Profile Data Collection

Prerequisites

Currently, MindStudio IDE does not support data collection in cluster scenarios. You can use the Import Result function to import the parent directory of PROF_XXX to display the collected cluster profile data.
For details about profile data collection in cluster scenarios, see "Appendixes" > "Performance Analysis in Cluster Training Scenarios" in the Profiling Instructions.
To collect data using the training project, add the configuration information of the PROFILING_OPTIONS field to the environment variable script file env_*.sh of the training project.
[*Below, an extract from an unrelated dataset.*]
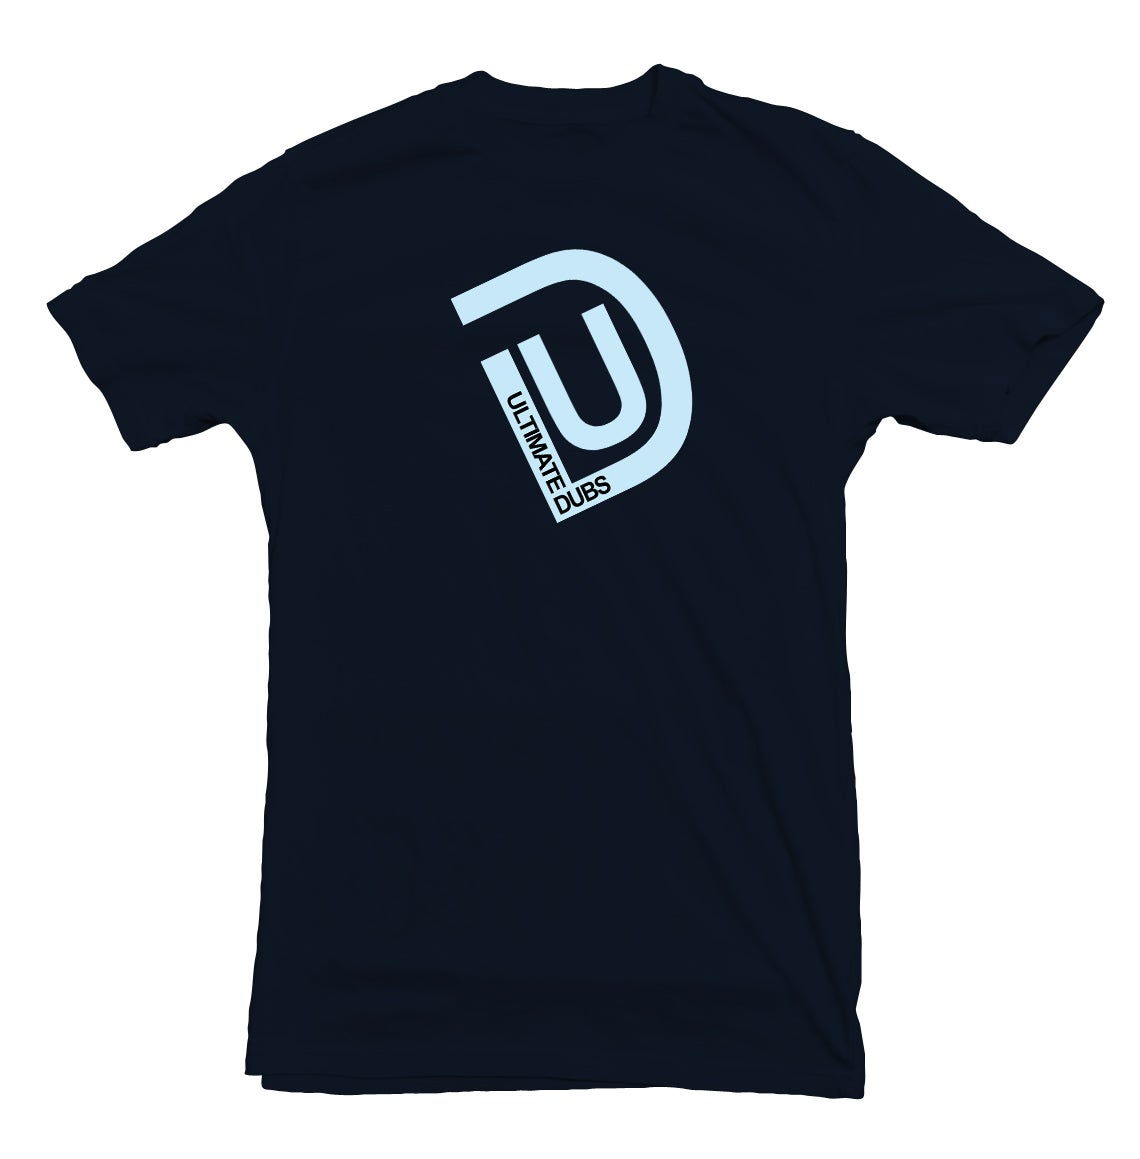 Image of Men's Ultimate Dubs - UD Logo T-Shirt - Navy Blue with Pale Blue Logo
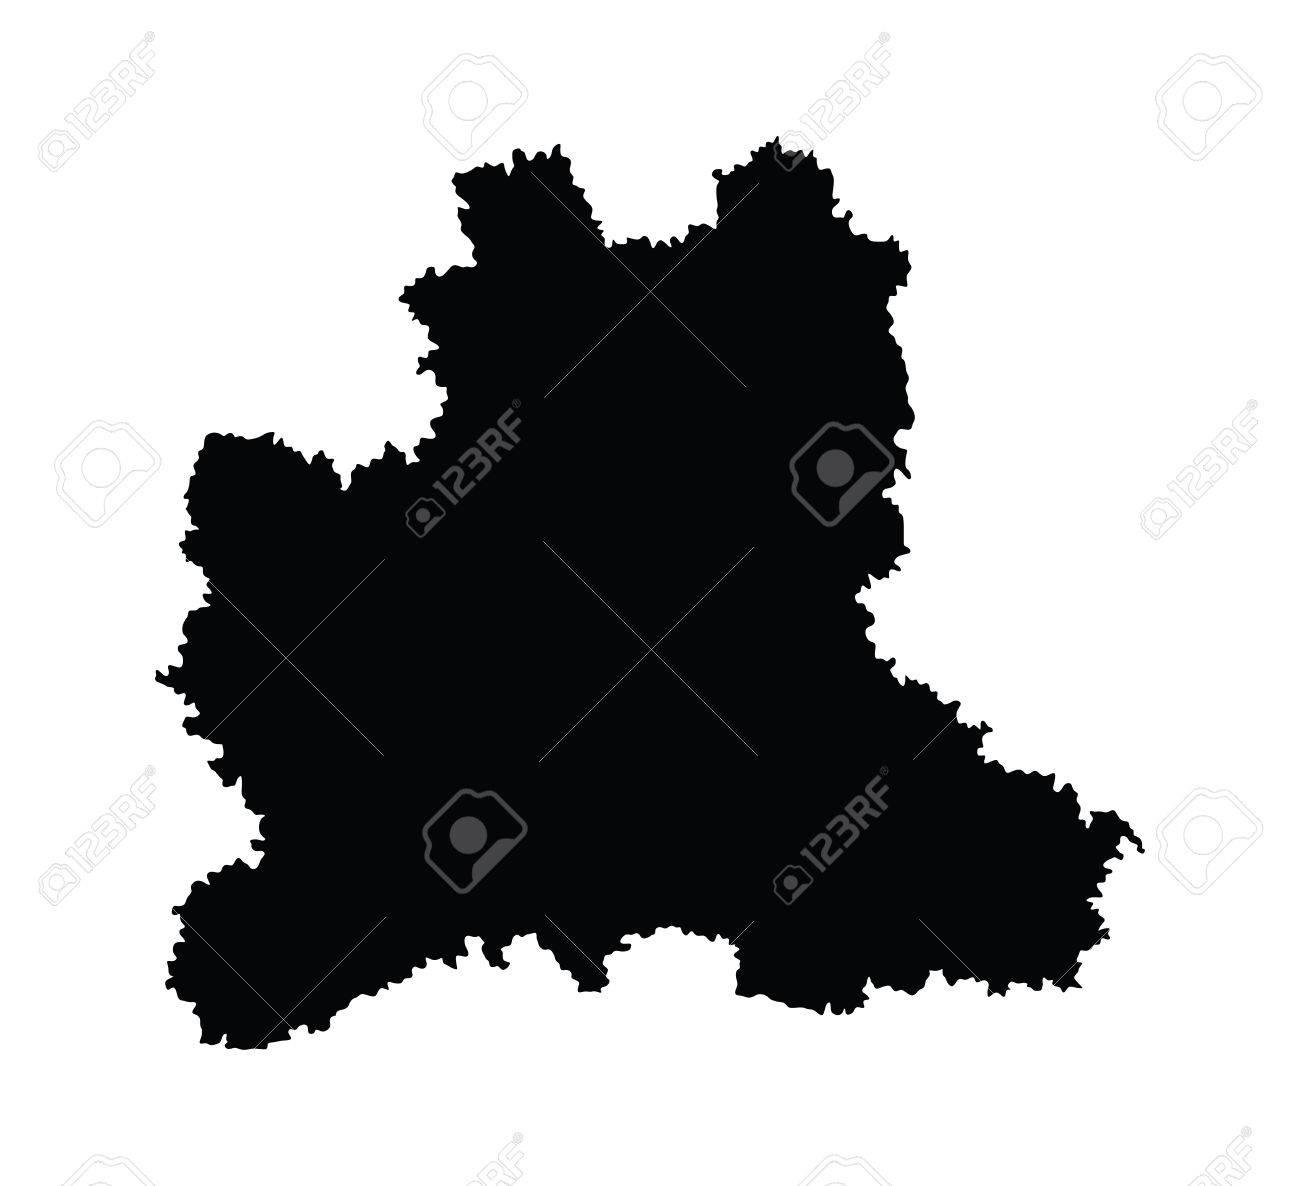 Lipetsk Oblast Vector Map Isolated On White Background High

The following is an example:
```
export PROFILING_MODE=true
export PROFILING_OPTIONS='{"output":"/tmp/profiling","training_trace":"on","task_trace":"on","fp_point":"","bp_point":"","aic_metrics":"MemoryL0"}'
```
The path specified by output stores the profile data collected on the server by Profiling, which will be copied to the path specified by Project Location and a .json result file is generated for MindStudio IDE to display.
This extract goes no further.